◆ **Data extract**:
^^^^^^^^^^^^^^^^

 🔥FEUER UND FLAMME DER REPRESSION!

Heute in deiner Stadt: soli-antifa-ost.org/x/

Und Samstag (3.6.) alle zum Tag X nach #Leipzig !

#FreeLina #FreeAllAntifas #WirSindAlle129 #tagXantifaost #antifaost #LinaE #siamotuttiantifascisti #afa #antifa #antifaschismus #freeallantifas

^^^^^^^^^^^^^^^^

◆ **What this task involves**: Starting with the line that contains "Heute in deiner Stadt: soli-antifa-ost.org/x/", write out each line through the end of the listing, exactly as it appears, and include nothing else.

◆ **Exercise output**:
Heute in deiner Stadt: soli-antifa-ost.org/x/

Und Samstag (3.6.) alle zum Tag X nach #Leipzig !

#FreeLina #FreeAllAntifas #WirSindAlle129 #tagXantifaost #antifaost #LinaE #siamotuttiantifascisti #afa #antifa #antifaschismus #freeallantifas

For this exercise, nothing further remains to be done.